Notwithstanding, one possible reason for the agent’s ineptitude to learn
solely from a discrete image input (Figure 3) owes to the lack of
connection with the preceding and succeeding time-points. Thus, it
becomes next to impossible to gauge whether a certain action (dosing)
indeed helped in maximizing the number of robust cells. To this end, we
hope that instead of just providing one disembodied frame, if we exposed
the model to short stacks of three to five consecutive frames, the
learning rate and gains might improve – but we leave this as an
exercise for the future.
Moving forward, this cell-activation routine guided by RL can be used as
a template for other model-free, stochastic biological applications.

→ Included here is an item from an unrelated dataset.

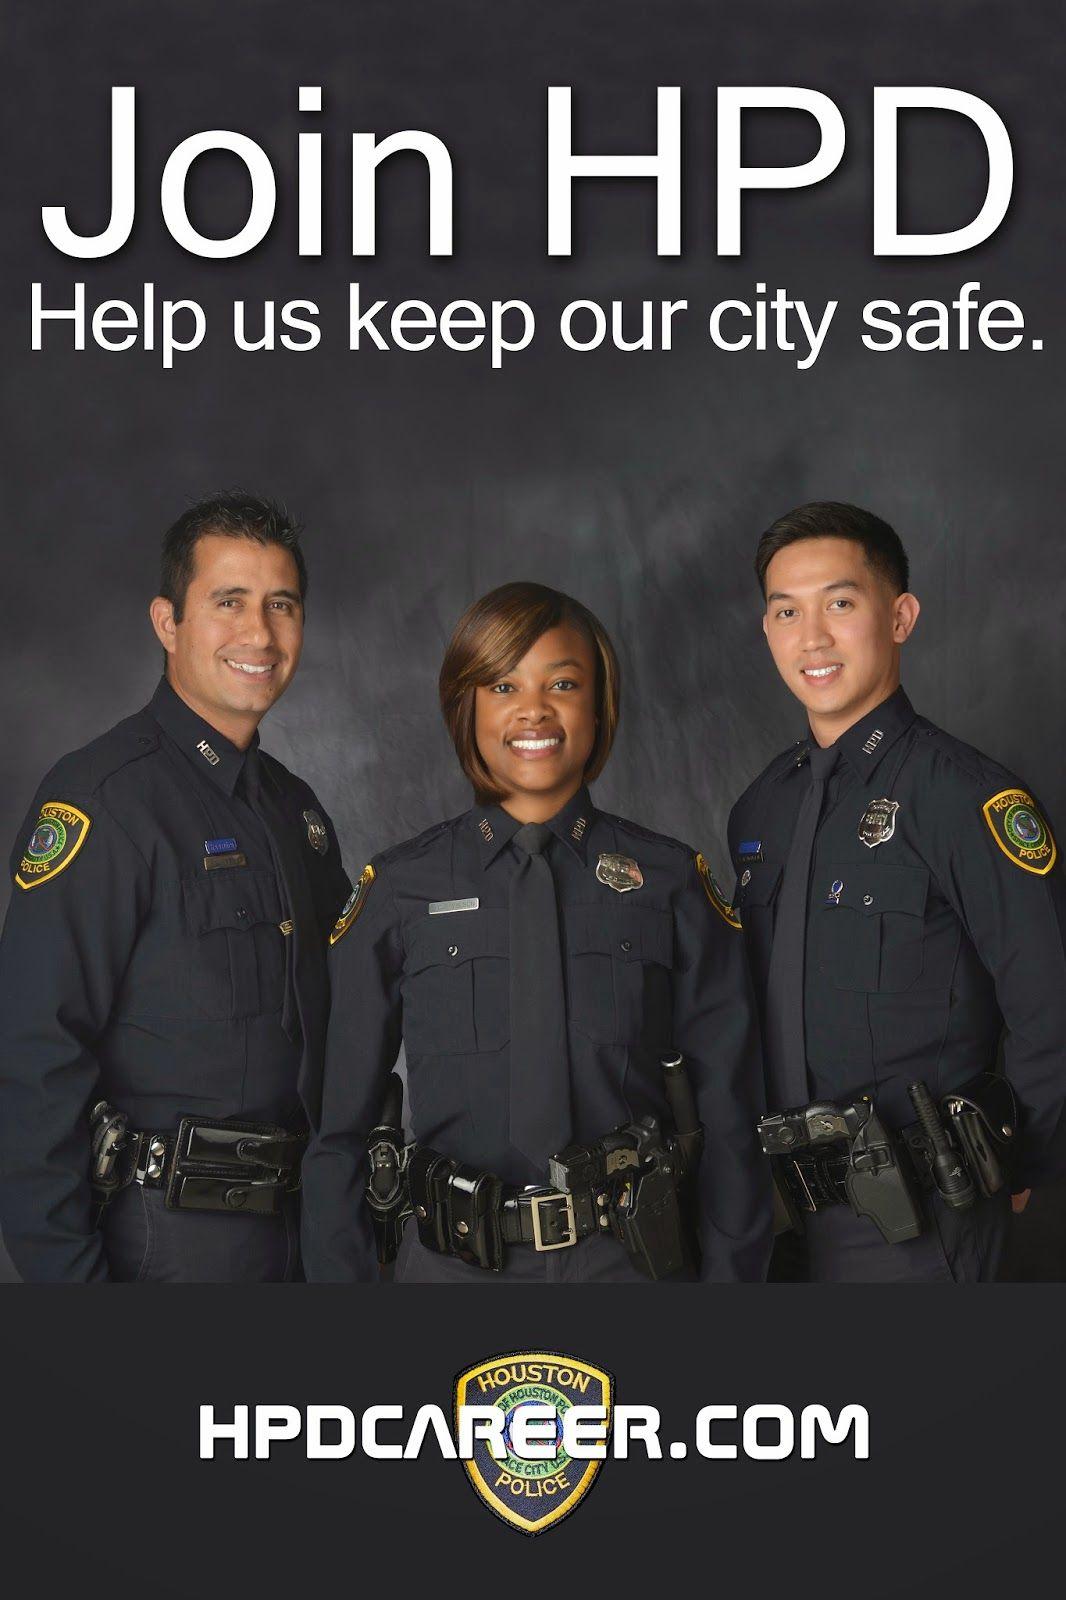 Houston police department join hpd houston police

Apart from CAR T-cell activation, this bears promise to unravel hitherto
unknown biological policies opted by nature such as – the underlying
optimization of cell differentiation and cell proliferation. With the
advent of modern generative algorithms and data driven approaches, we
can hypothesize that it will be possible to create digital twins of cell
culture environments. Additionally, this 2D simulation can be updated to
a 3D environment representing more realistic growth conditions in static
reactors (multilayer growth). Possible further experiments are enlisted
on Supplement 8. In addition, this work provides a basis to benchmark
Transformer , and DAL-e based implementations of the same, which are
finding increasing applicability in different domains of biology. A
library of such pre-trained models enacted by robotic arms for precision
dosing would be useful to match the range of cell types handled by
clinics of tomorrow. This will enable effective control of activation
and expansion and get more efficacious therapies to patients faster.